Jiayao Yu 2009-12-23 15:29:04

would this really be in constant time and faster than the other approaches?

SuperString 2009-12-23 15:37:11

and this map is REALLY big, haha

SuperString 2009-12-23 15:46:48

so I calculate this to be about 1 billion keys, I can take away the impossible words, but that will still leave me with a lot. How much space would this take up?

SuperString 2009-12-23 15:51:02

It's definitely a lot faster than regex search, try it out in an experiment. It's constant if no collision occurs, and that depends on your hash function. You can read up on "hash table" and "perfect hash".

Jiayao Yu 2009-12-23 15:51:12

In terms of memory space, would this be practical?

SuperString 2009-12-23 16:05:32

depends on your original dictionary size, if its the OED no

jk 2009-12-23 16:36:10

Also depends on your infrastructure. A couple of ways to make this more practical: 1. You can store the map on disk. 2. you can spread it on multiple machines.

Jiayao Yu 2009-12-23 18:33:25

Would we be able to use a little less memory but still run fast like this? Prehaps in O(log(log(n)))?
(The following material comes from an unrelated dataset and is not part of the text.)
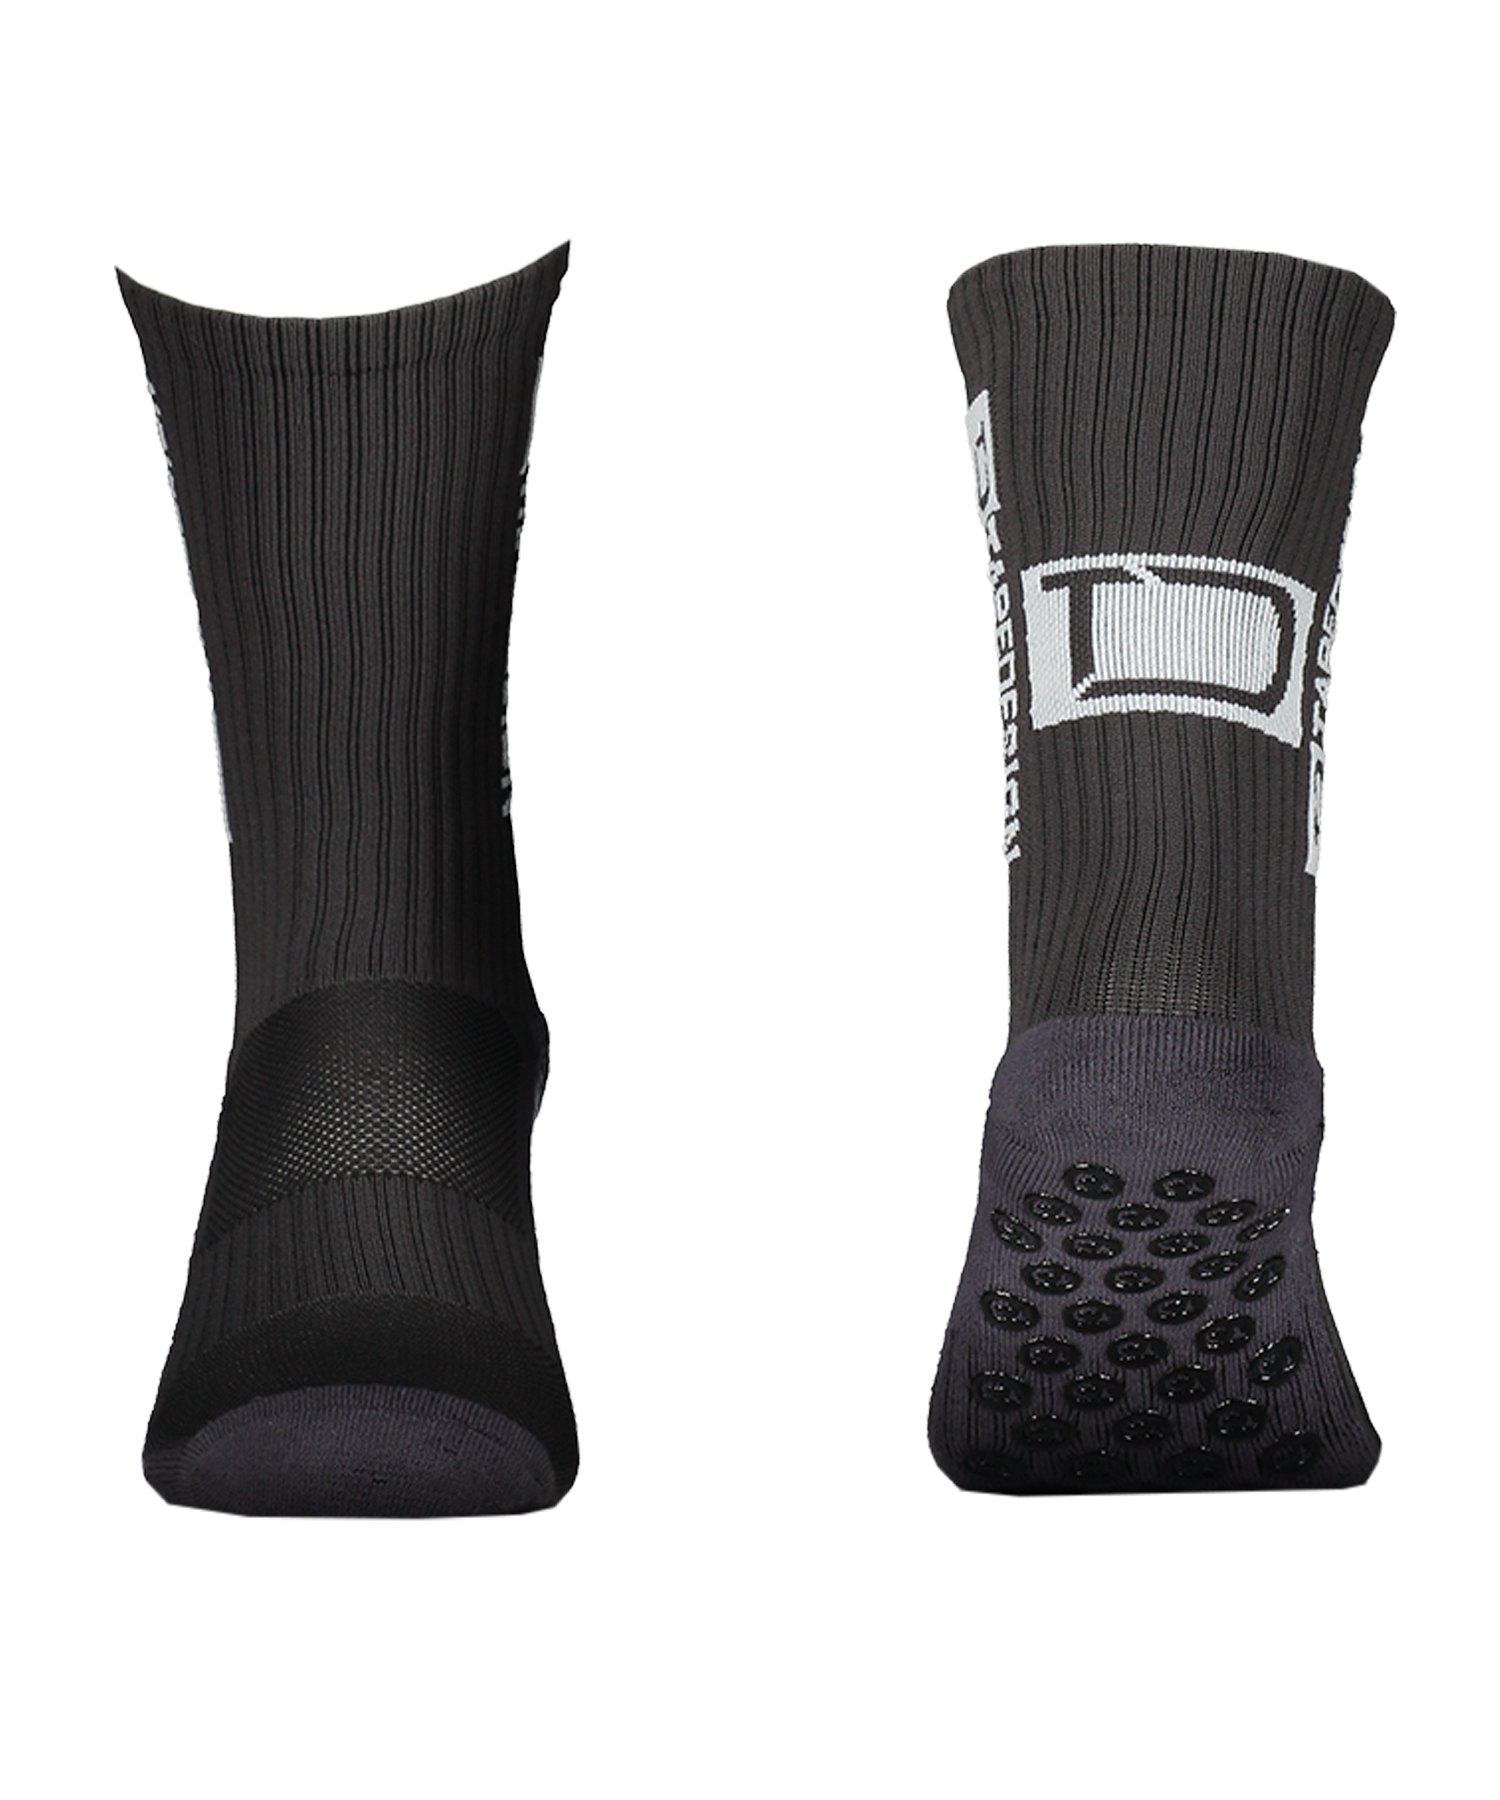 Tapedesign Socks Socken Dunkelgrau F016 - grau

SuperString 2009-12-23 22:26:07

How big is your dictionary? I just tried it with a list of 5000 words, and heapy reports the memory usage to be around 1GB: Partition of a set of 6404350 objects. Total size = 1120854216 bytes. Index Count % Size % Cumulative % Kind (class / dict of class) 0 3188422 50 739713904 66 739713904 66 __builtin__.set 1 341 0 201543416 18 941257320 84 dict (no owner) 2 3203590 50 177720584 16 1118977904 100 str 3 5172 0 419736 0 1119397640 100 tuple

Jiayao Yu 2009-12-24 00:44:15

A dictionary is a normal English dictionary, so probably like 100k - 1m

SuperString 2009-12-24 14:07:57

One possible improvement to this approach is to save a BST in the hash entries instead of a linked list. This way, when you search inside one entry, the search is made in O(log(es)), where es is the number of objects in that hash entry. This way, you could use a smaller hash table size, with more values per each entry on average.Also, the entries could point to the words themselves instead of copying them - this would also save up a lot of space.

Anna 2009-12-30 17:48:19

Answer 7

A:

If you only have ? wildcards, no * wildcards that match a variable number of characters, you could try this: For each character index, build a dictionary from characters to sets of words. i.e. if the words are write, wrote, drate, arete, arite, your dictionary structure would look like this:

Character Index 0:
  'a' -> {"arete", "arite"}
  'd' -> {"drate"}
  'w' -> {"write", "wrote"}
Character Index 1:
  'r' -> {"write", "wrote", "drate", "arete", "arite"}
Character Index 2:
  'a' -> {"drate"}
  'e' -> {"arete"}
  'i' -> {"write", "arite"}
  'o' -> {"wrote"}
...

If you want to look up a?i?? you would take the set that corresponds to character index 0 => 'a' {"arete", "arite"} and the set that corresponds to character index 2 = 'i' => {"write", "arite"} and take the set intersection.

nikie 2009-12-23 15:50:24

Answer 8

+1 A:

The data structure you want is called a trie - see the wikipedia article for a short summary.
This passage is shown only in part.